A final memory. I am
five and the Tibetans are teaching me to remain still. They are soldiers and
monks so the lesson is two-fold, for physical survival and spiritual progress.
I protest that stillness is frustrating, difficult, may be even futile. They
tell me I can only master the enemy, the world, and myself when I learn to be
still. In my writing, and my life, I am
still trying.
One of my earliest
memories is of sitting near a bonfire, amidst mounds of snow, watching Tibetan
soldiers clean their weapons. Even now,
in my mind’s eye, I can see the eerie brightness that snow creates at night, the
orange-red licks of the flames, and the glint of metal against the olive green
of the uniforms. Over the fire, a massive petrol can had been repurposed for a
cauldron into which all leftovers were chucked, and its perpetual bubbling
yielded the most delicious ‘everything’ soup.
And most of all, I remember the terror and sorrow, although I only
understood it as an adult.
The year was 1971, and
the soldiers were part of a specialised unit of the Indian army that my father
led. They were heading to war and many – and I have never stopped missing them
– never returned.
Another memory rises.
From later in the decade. Of a bamboo hut with dirt floors and a freshly dug
snake trench. At night, I would peer
through the green mesh that formed the walls, watching for the wolves and foxes
that came to forage in the garden. When
we came home from playing, my mother would make us stand beyond the snake
trench and empty out our pockets before letting us into the shack. With no
toyshop for miles, wildlife – often of the creepy-crawly kind – tended to be our
playthings.
Much has changed
since those early days of living in cantonment towns and remote border
posts. By the time I entered my teens,
my father had changed his job, albeit still within the Indian government.

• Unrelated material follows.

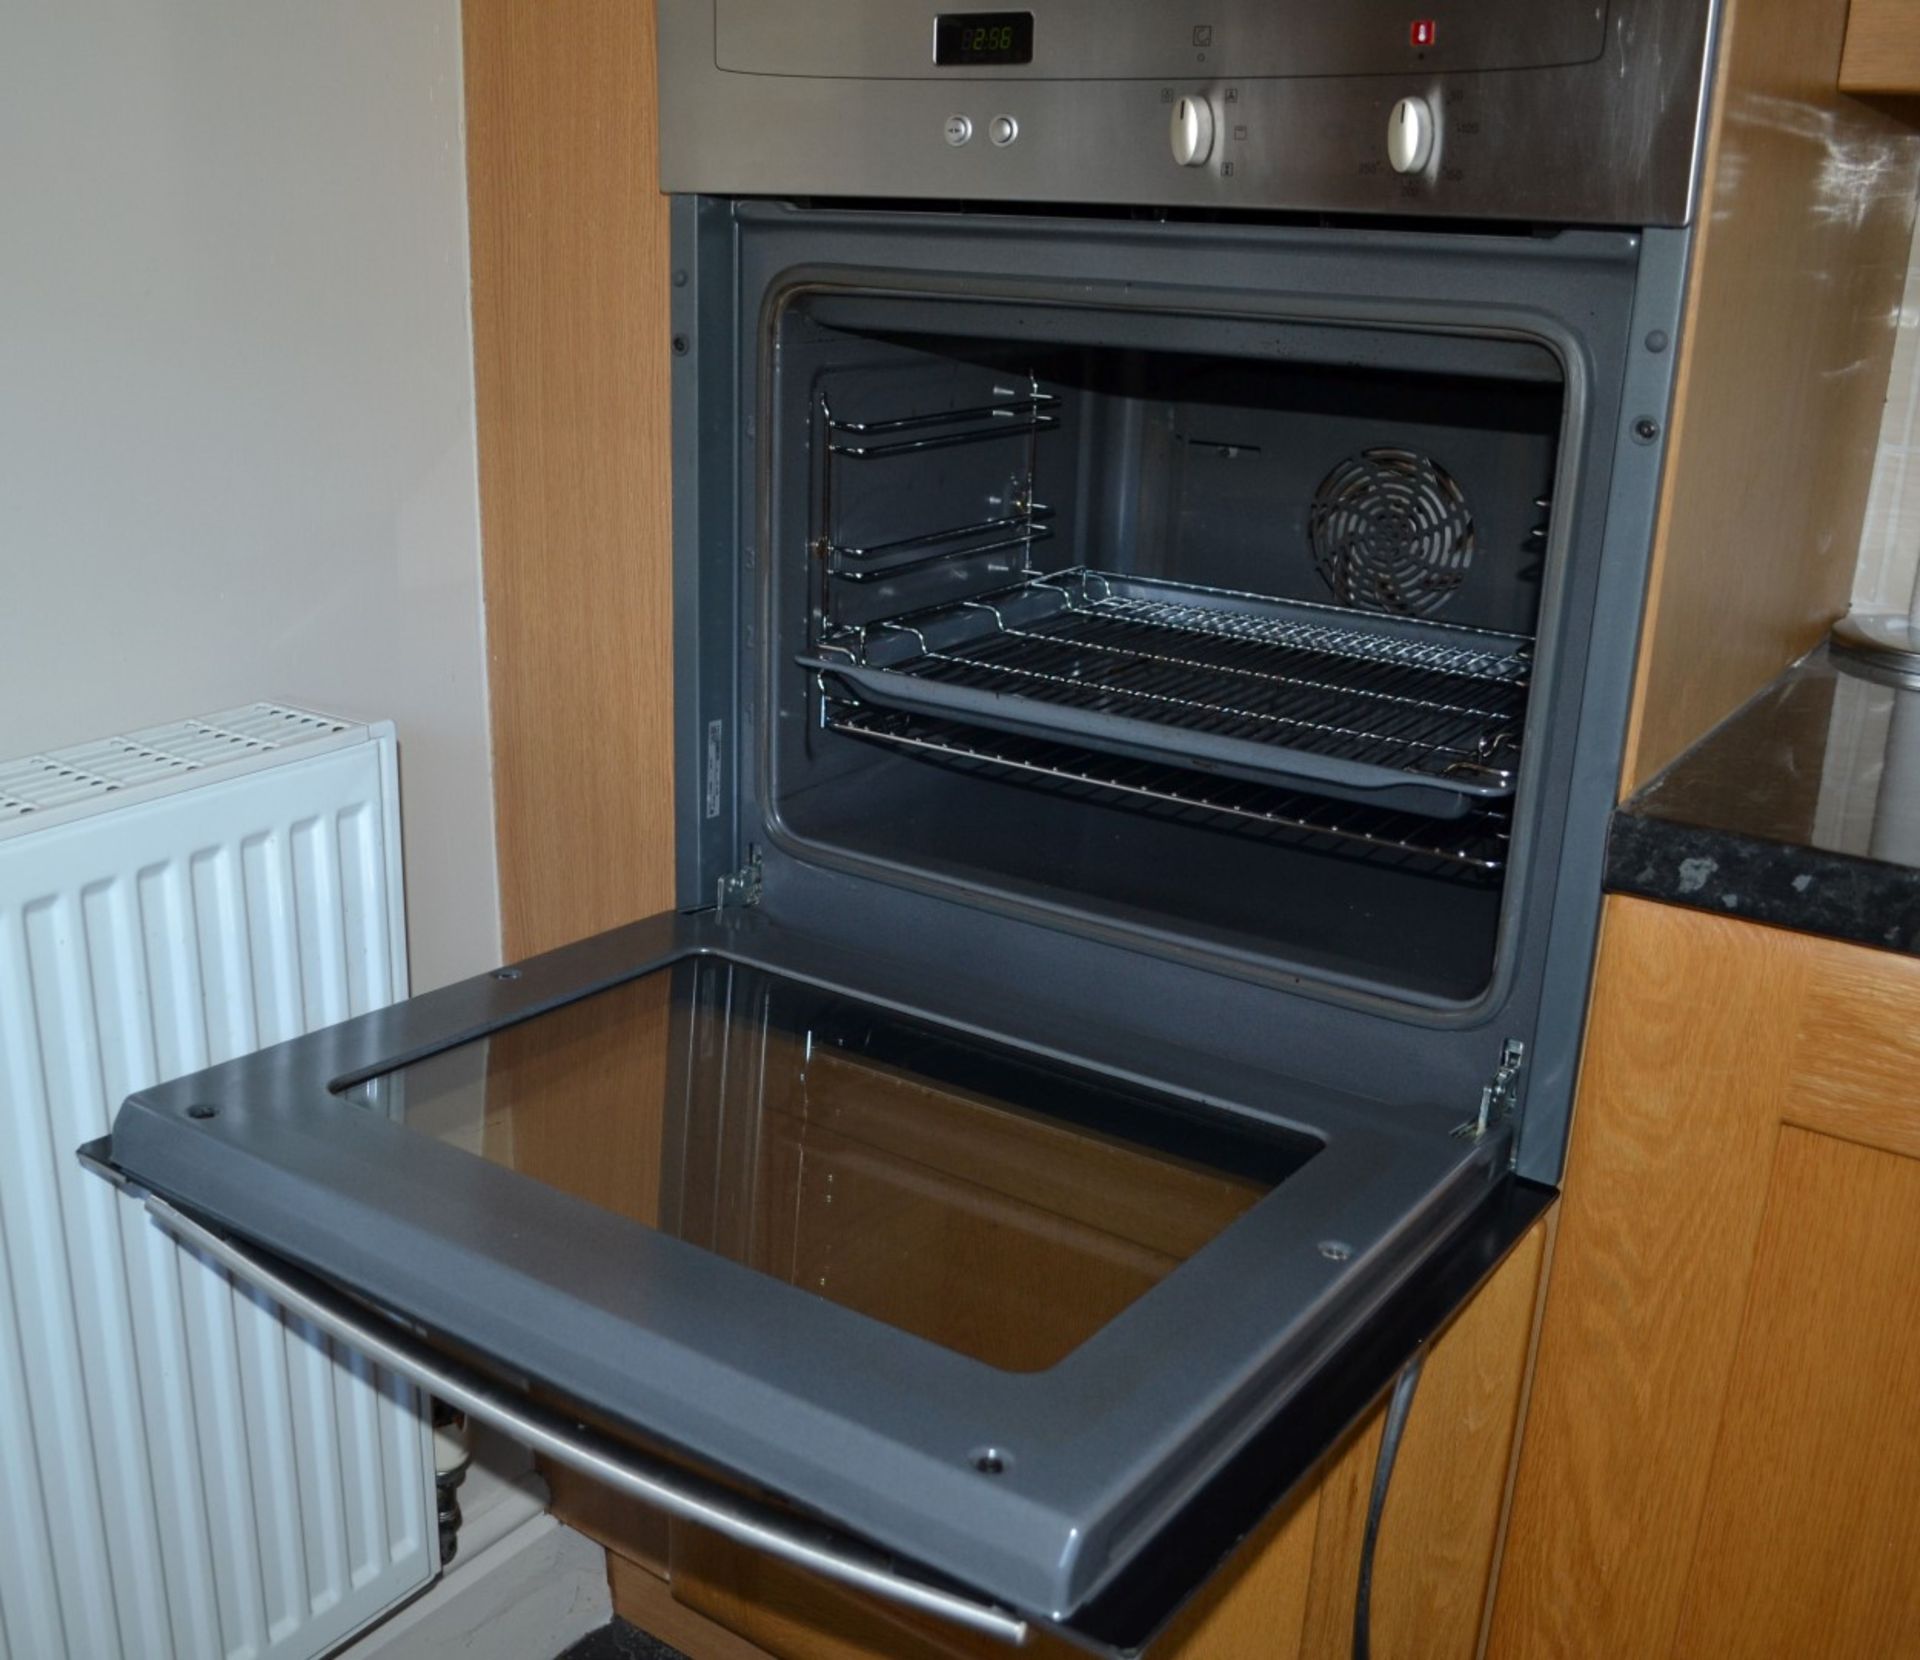 1 x Compact Fitted Kitchen With Neff and Tecnik Appliances - CL322 - Location: Pleasington, BB2 - * - Image 16 of 35
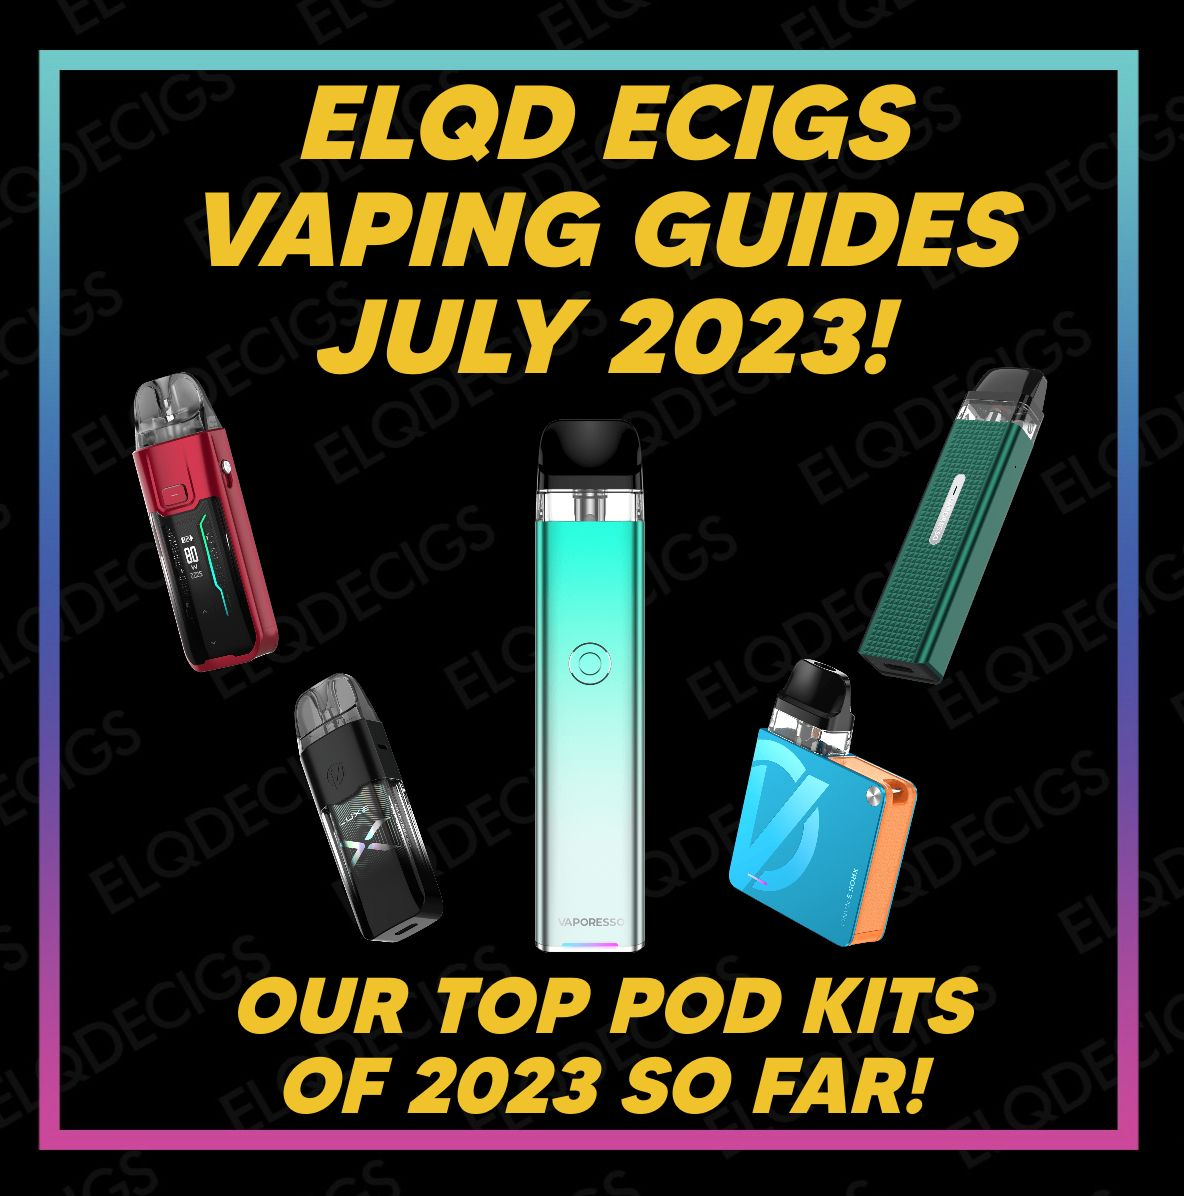 You Are Currently Viewing Our Top Pod Kits Of 2023 So Far! Elqd Ecigs July 2023 Vaping Guides!

Instead of isolated villages on the Indo-Tibetan border, we started moving to
places like Islamabad, New York, Windhoek.
Yet some things
remained the same as the family grew, and moved. My parents were always most
excited about travelling, exploring, learning, and these are loves they passed on
to me. I remember learning basic Swahili by candlelight with my father in that
bamboo shack because he was being prepared for a posting that never
materialised. And then doing the same in light of a storm lantern for Urdu, and
then in the brightness of an camel skin lam, and with greater difficulty, for Xhosa.
For many years now, I
have travelled on my own, although my parents get perhaps more excited about my
trips than me.
I used to think that
those early days had been left behind, that I had outgrown those early
memories. But increasingly my writing goes back to those impassive, kind faces
that I loved and lost as a child. I want to know those lives, if only in my
fiction, and learn about what they loved, wanted, feared. And I want to
understand where they found that silent, unending well of courage.